- Problem details
Copy the lines below word for word, skipping any image.

- The data
+ + + + +

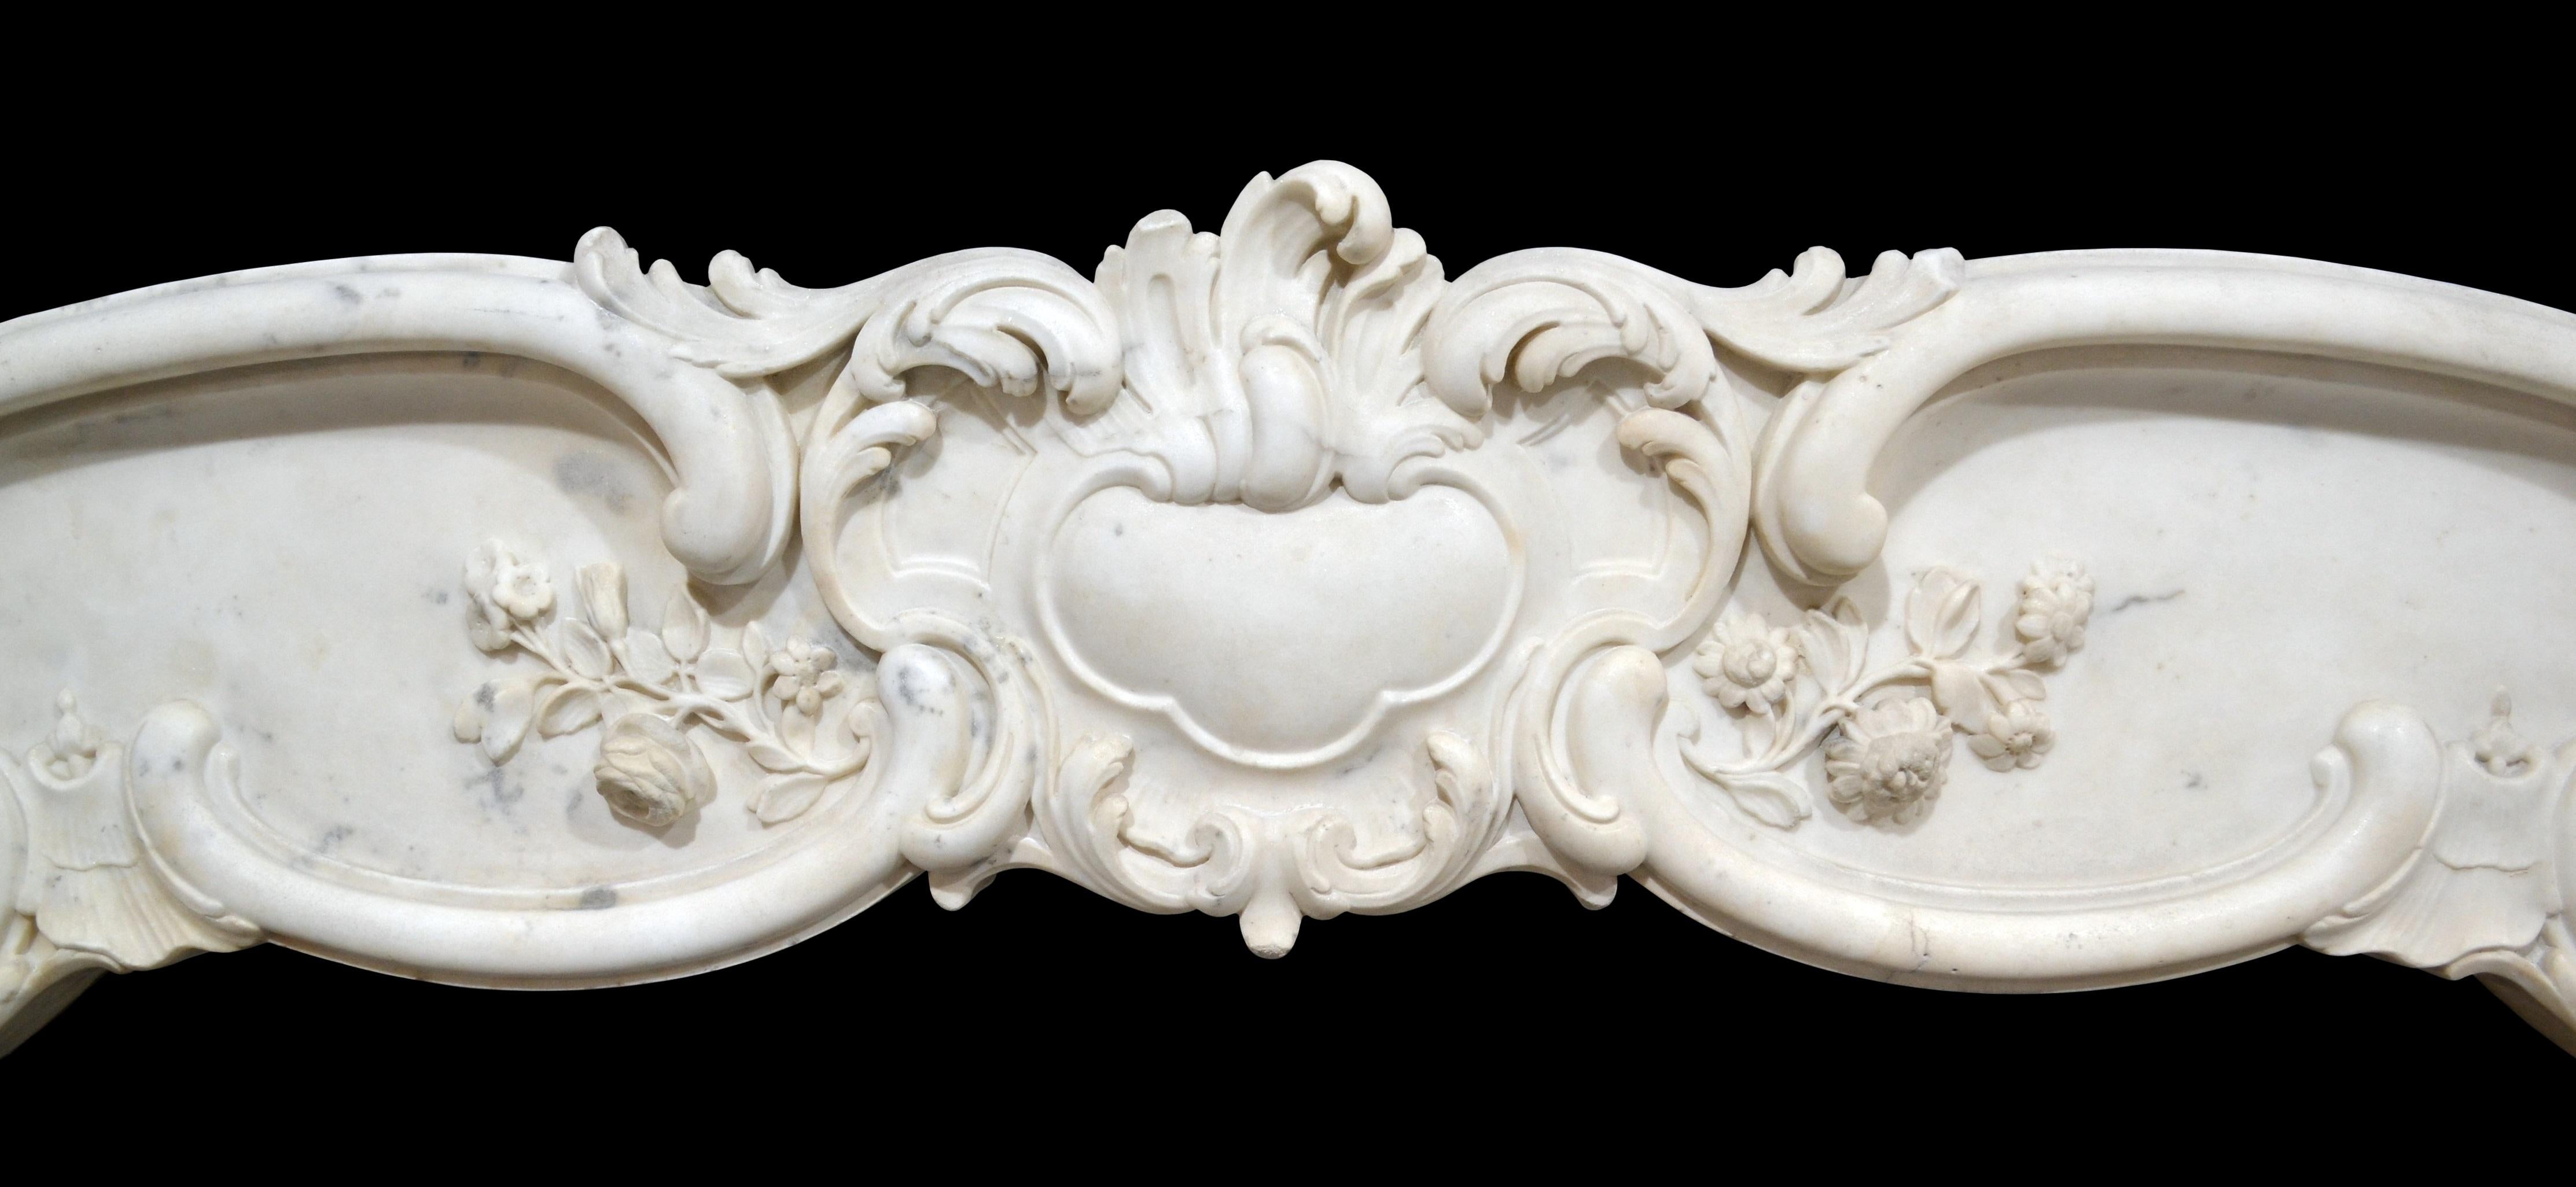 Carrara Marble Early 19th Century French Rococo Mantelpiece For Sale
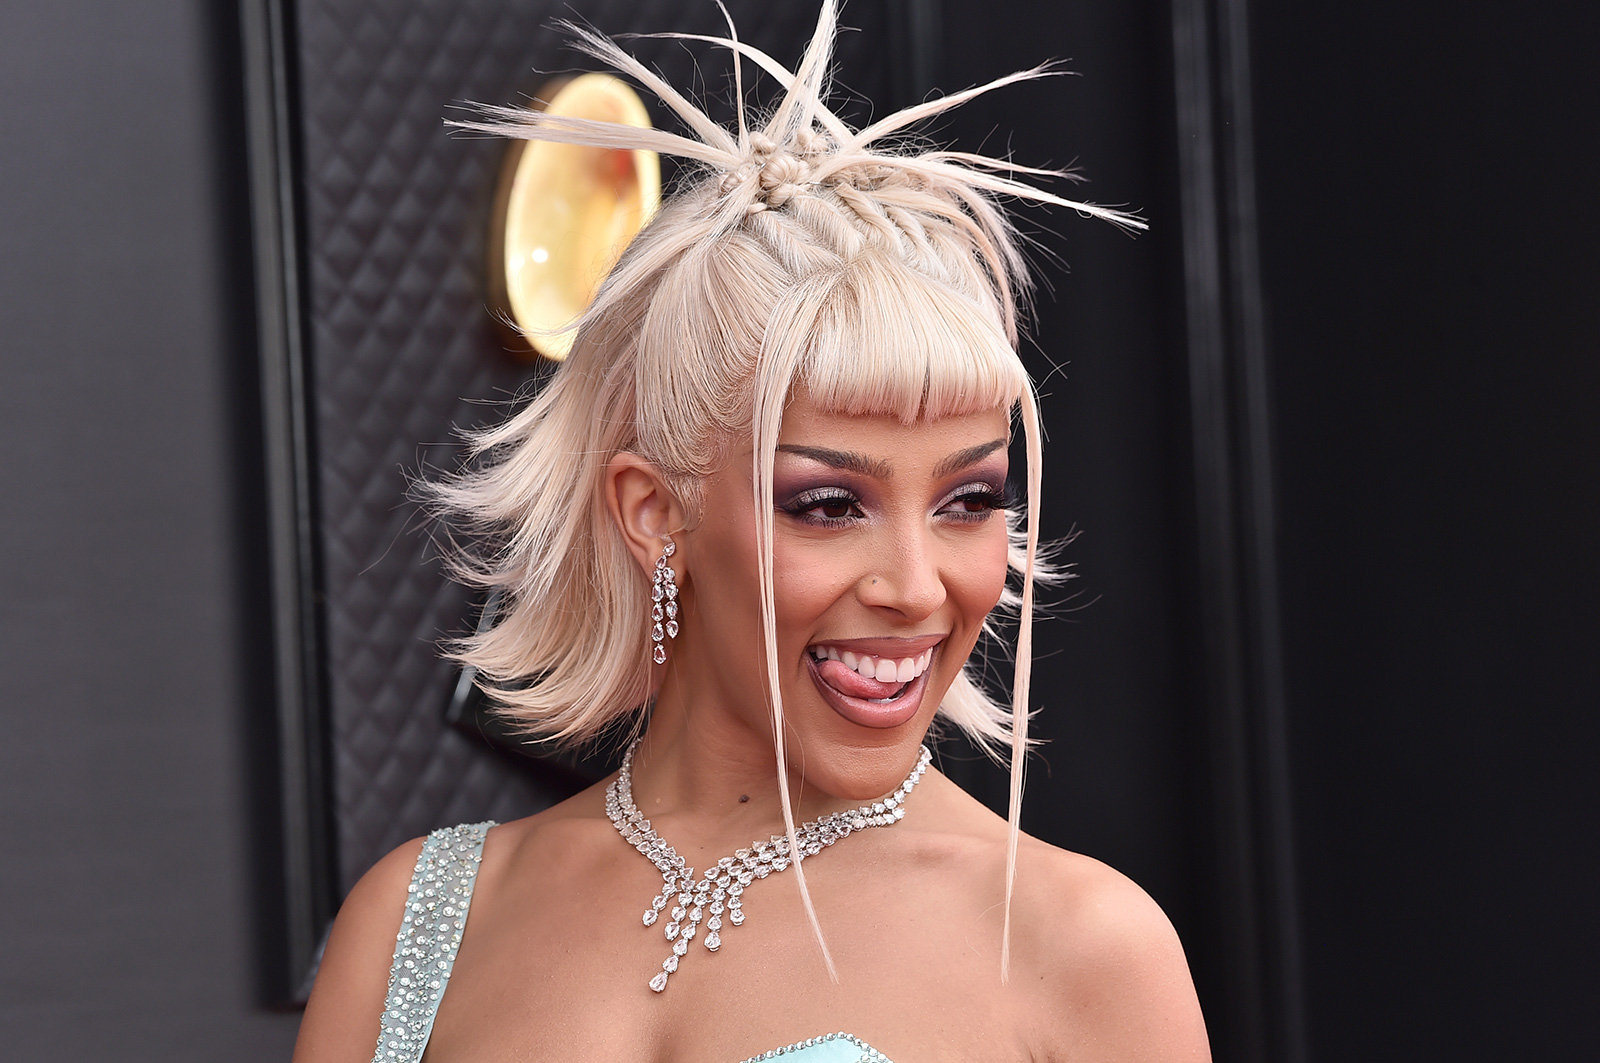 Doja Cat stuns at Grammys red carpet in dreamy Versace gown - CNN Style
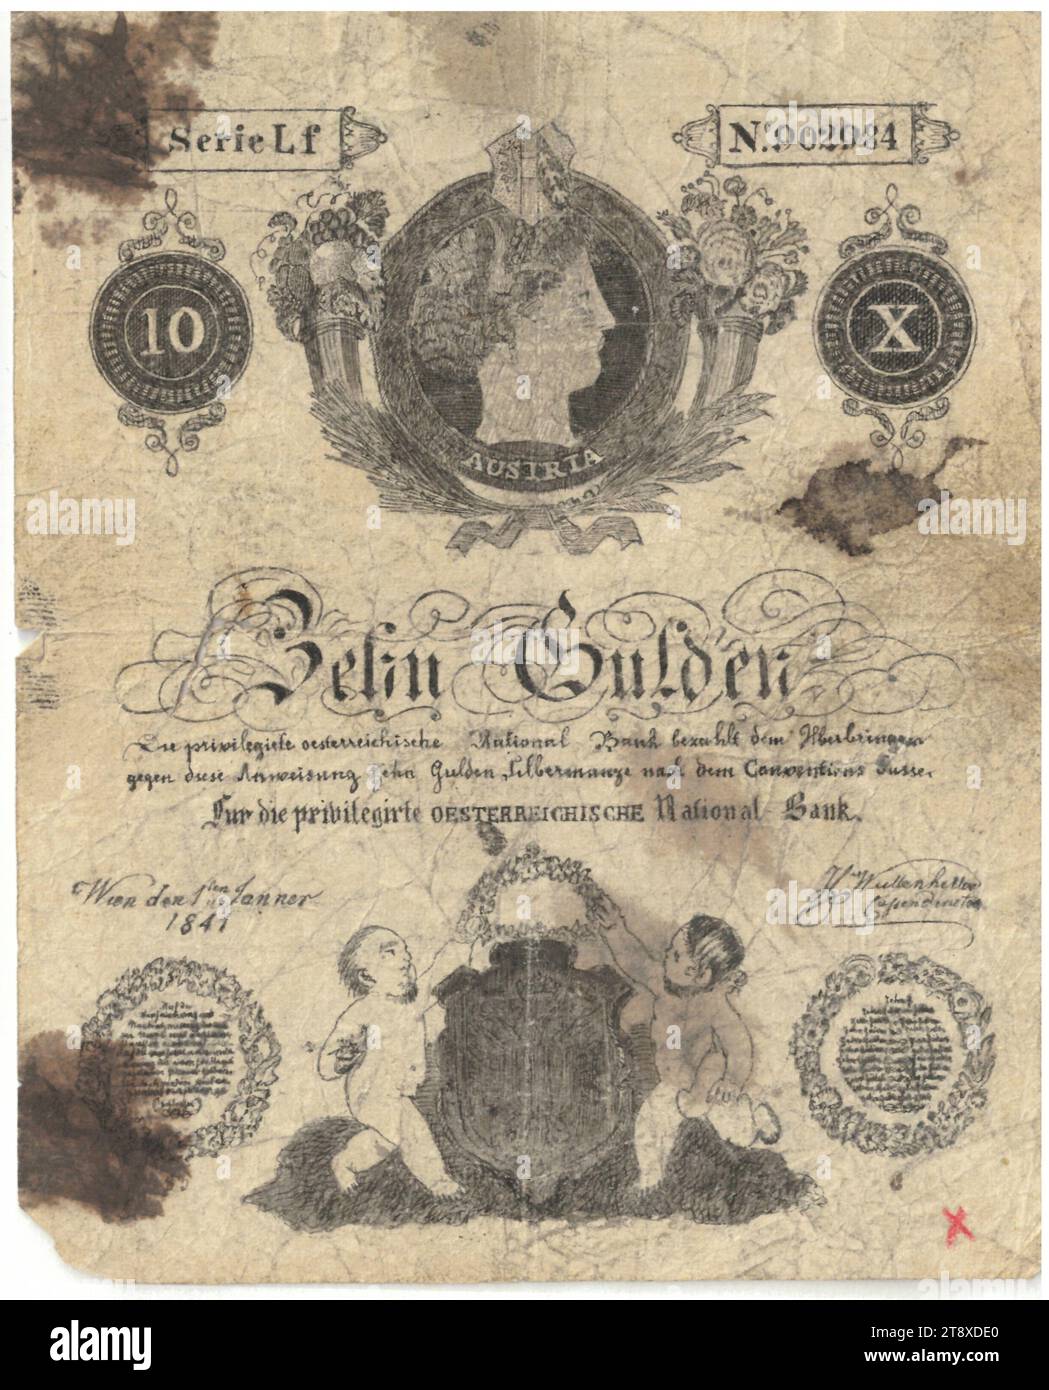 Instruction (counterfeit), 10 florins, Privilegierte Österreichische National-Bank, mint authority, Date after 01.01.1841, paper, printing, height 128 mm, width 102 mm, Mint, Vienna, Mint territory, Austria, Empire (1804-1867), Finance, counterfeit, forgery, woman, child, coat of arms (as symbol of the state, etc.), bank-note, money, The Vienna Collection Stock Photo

+ + + + +

- Solved problem
 Carrara Marble Early 19th Century French Rococo Mantelpiece For Sale
 Doja Cat stuns at Grammys red carpet in dreamy Versace gown - CNN Style
 Instruction (counterfeit), 10 florins, Privilegierte Österreichische National-Bank, mint authority, Date after 01.01.1841, paper, printing, height 128 mm, width 102 mm, Mint, Vienna, Mint territory, Austria, Empire (1804-1867), Finance, counterfeit, forgery, woman, child, coat of arms (as symbol of the state, etc.), bank-note, money, The Vienna Collection Stock Photo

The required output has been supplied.